Starting with the line that holds "Детские кашемировые перчатки", reproduce each line through the last one of the data, exactly as written. Pictures are not copied.

THE DATA —
···

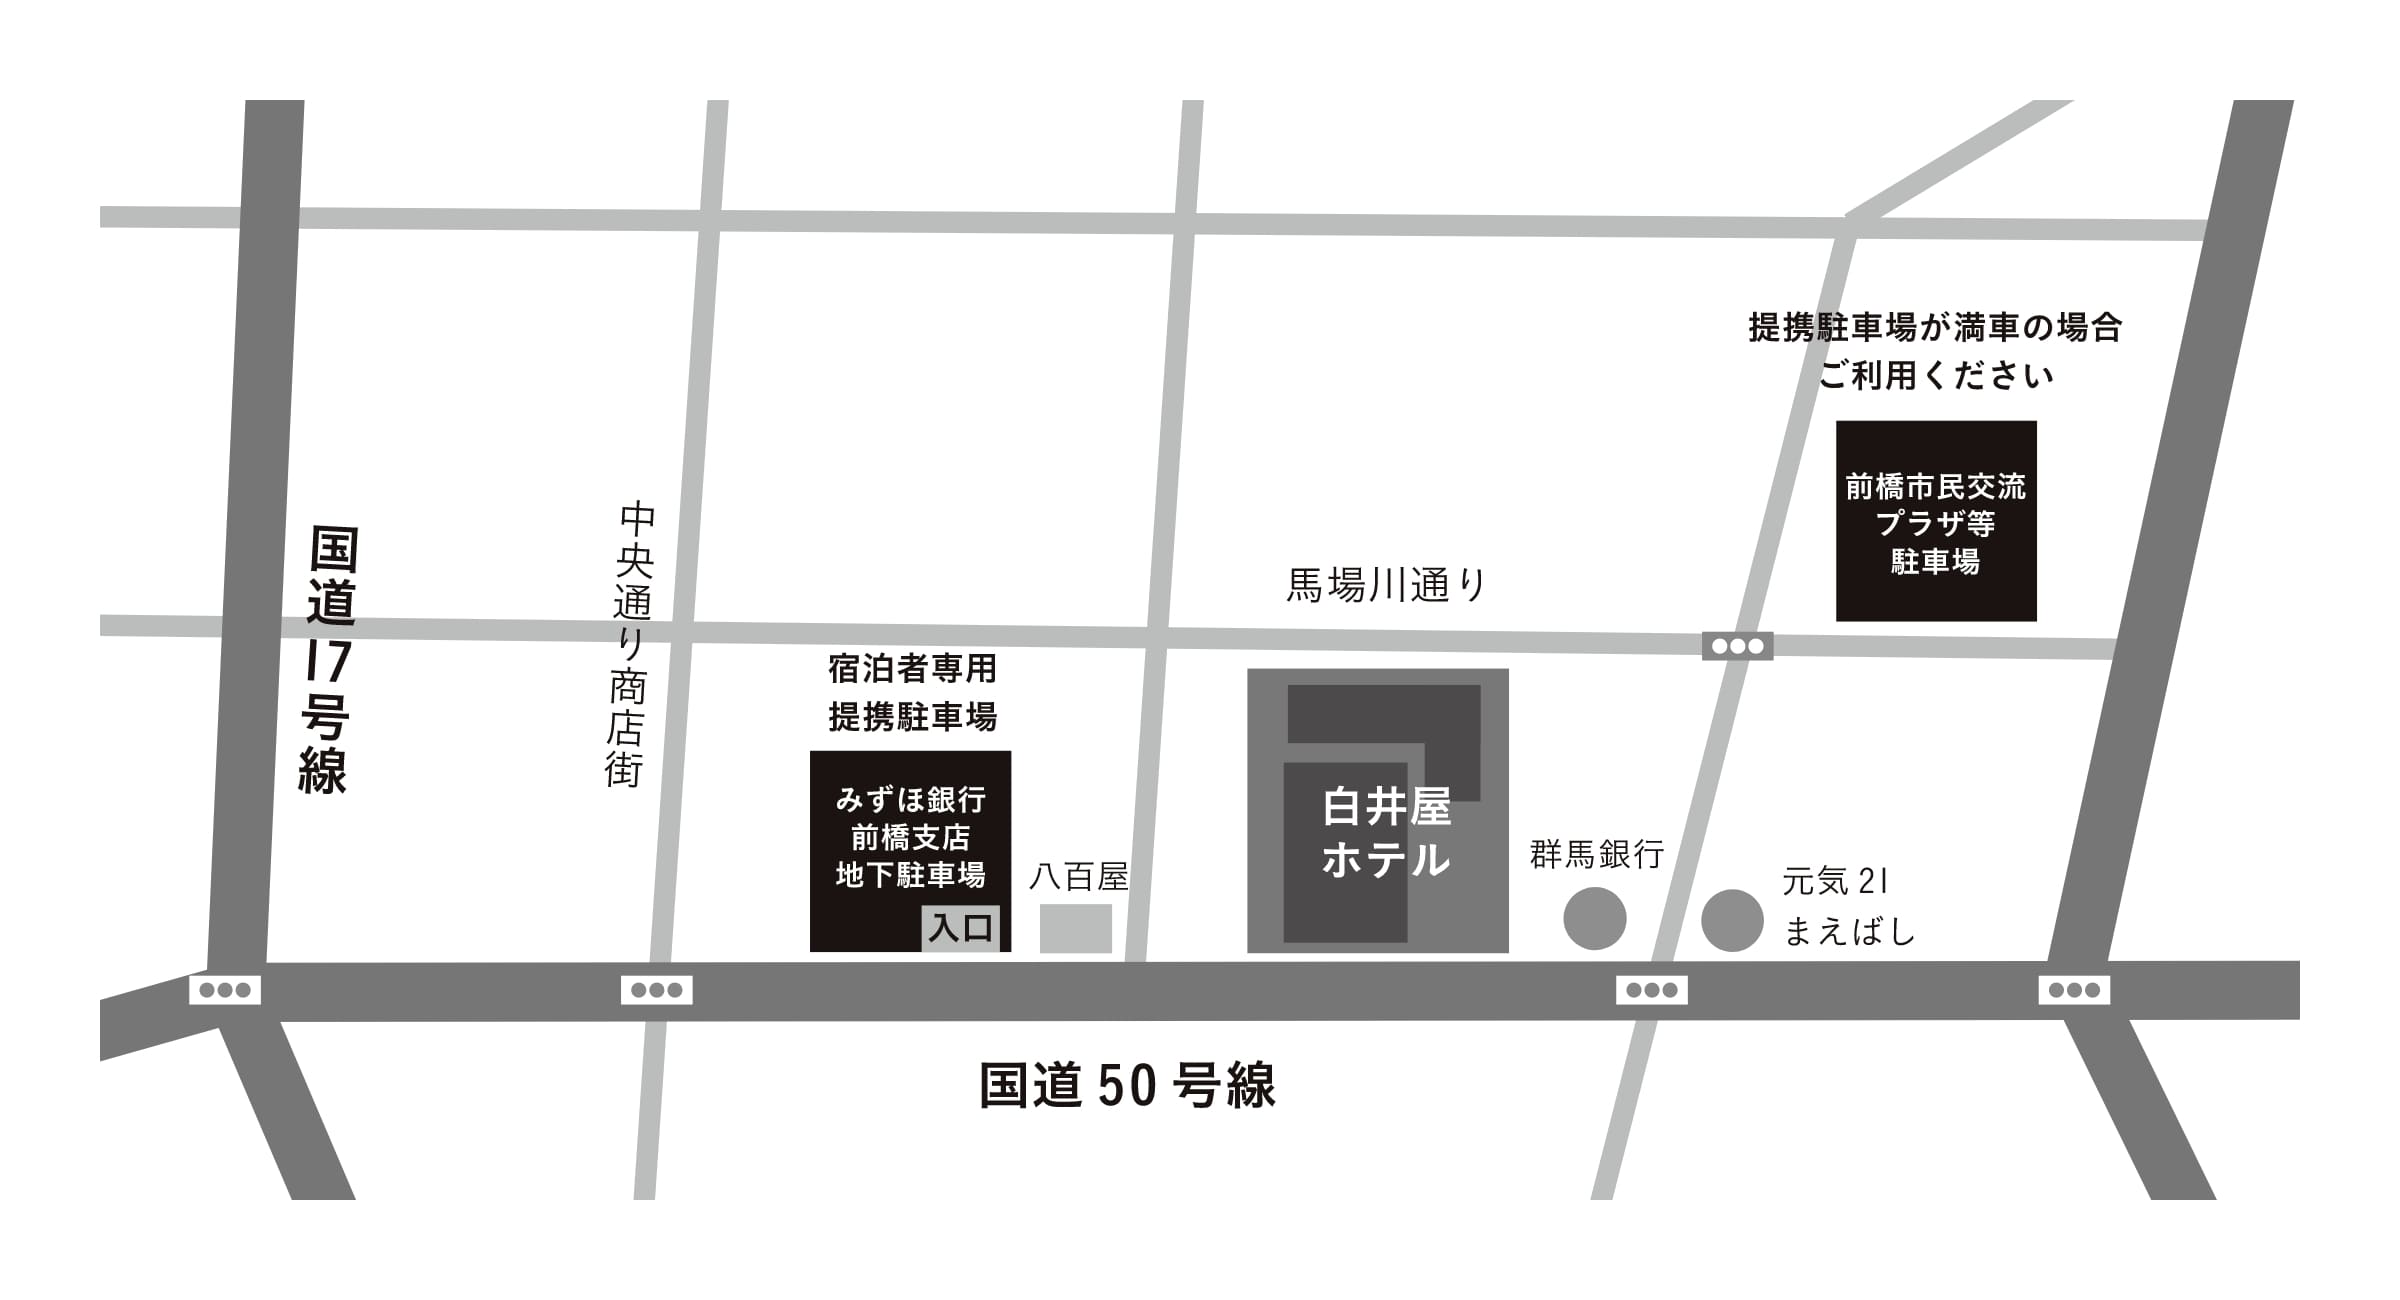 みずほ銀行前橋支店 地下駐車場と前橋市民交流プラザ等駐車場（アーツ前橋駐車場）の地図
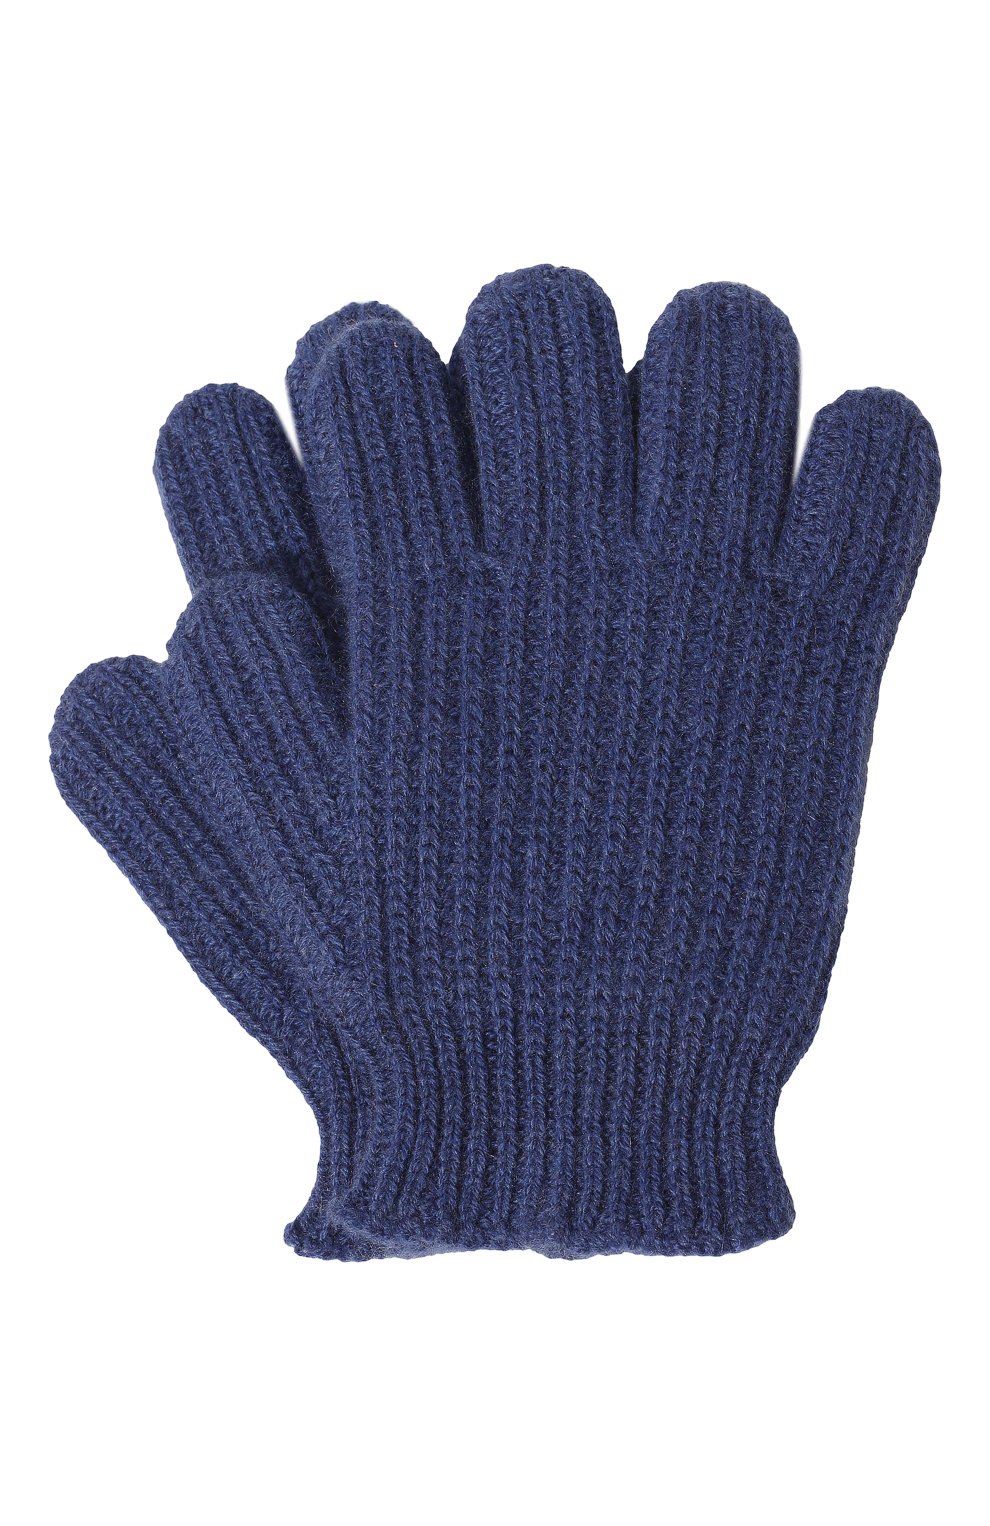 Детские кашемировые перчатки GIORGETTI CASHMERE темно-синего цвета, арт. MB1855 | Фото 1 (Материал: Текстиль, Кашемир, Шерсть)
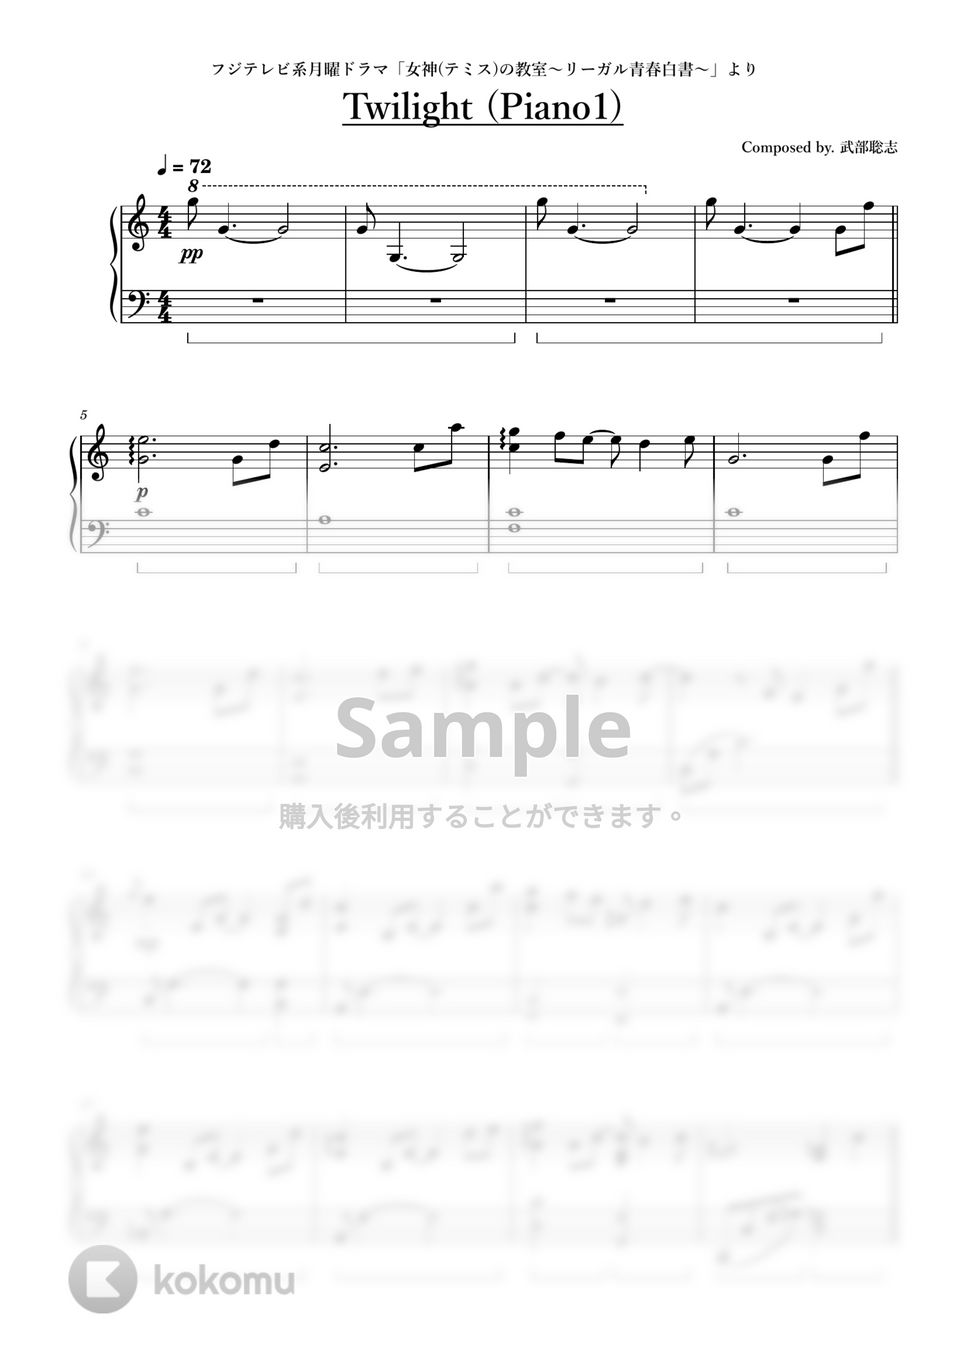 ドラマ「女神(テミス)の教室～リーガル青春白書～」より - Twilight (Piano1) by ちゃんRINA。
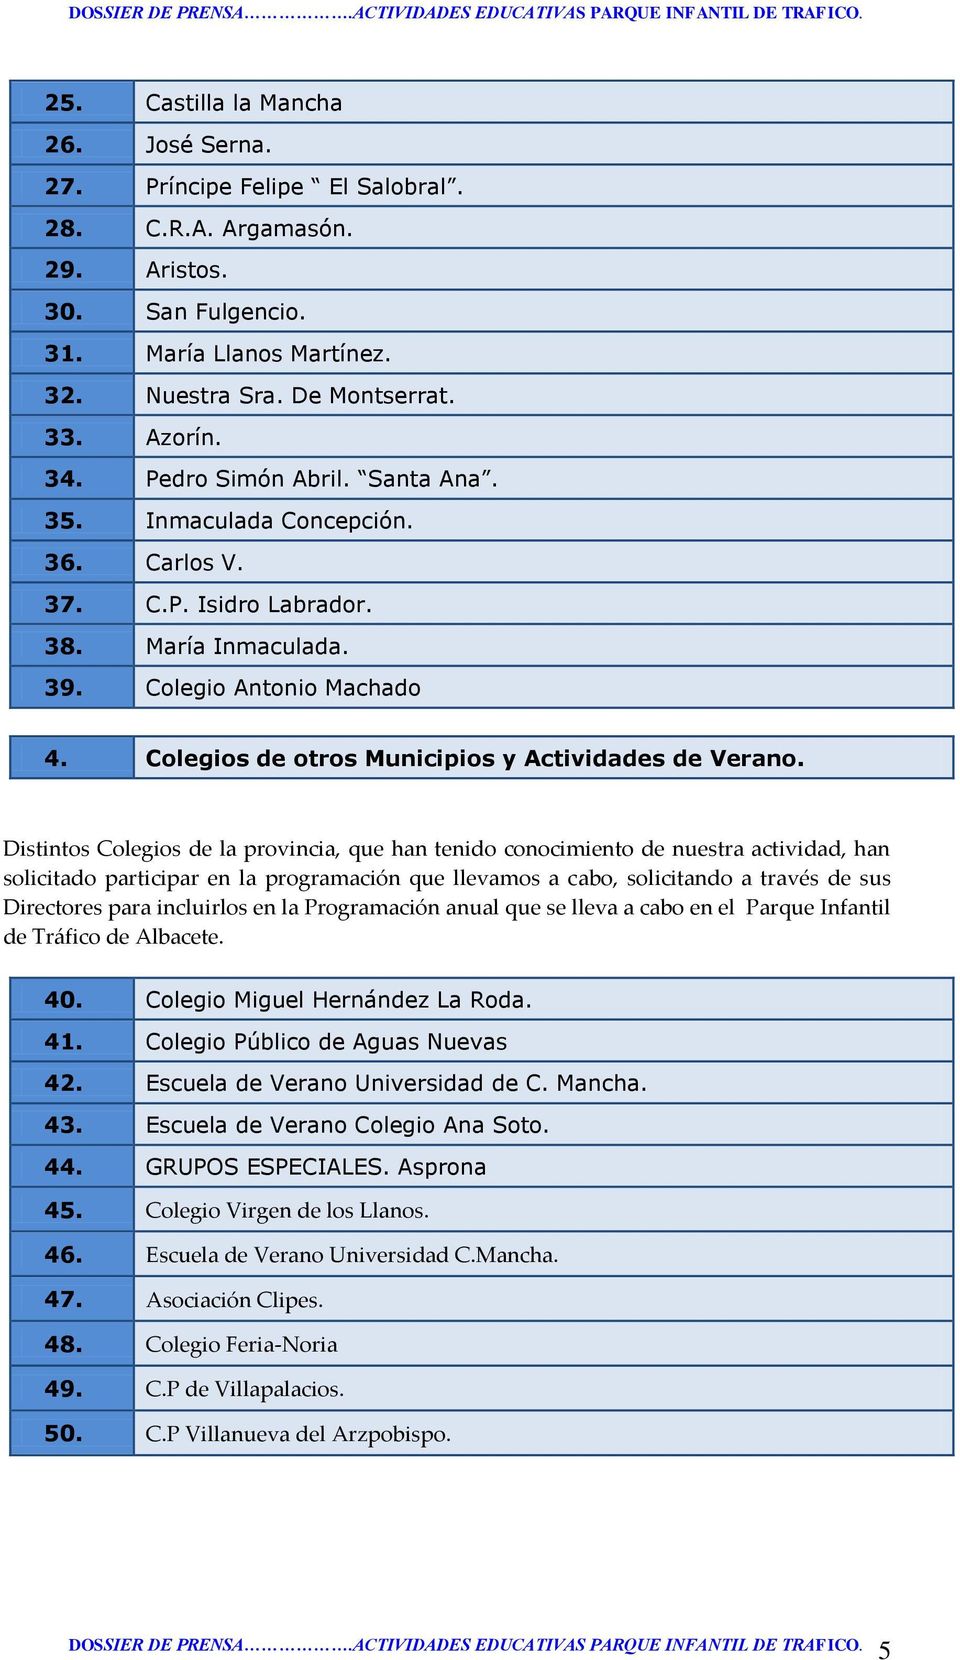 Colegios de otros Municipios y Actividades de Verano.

···

SOLUTION BELOW —
 Детские кашемировые перчатки GIORGETTI CASHMERE темно-синего цвета, арт. MB1855 | Фото 1 (Материал: Текстиль, Кашемир, Шерсть)
 ドラマ「女神(テミス)の教室～リーガル青春白書～」より - Twilight (Piano1) by ちゃんRINA。
 Colegios de otros Municipios y Actividades de Verano.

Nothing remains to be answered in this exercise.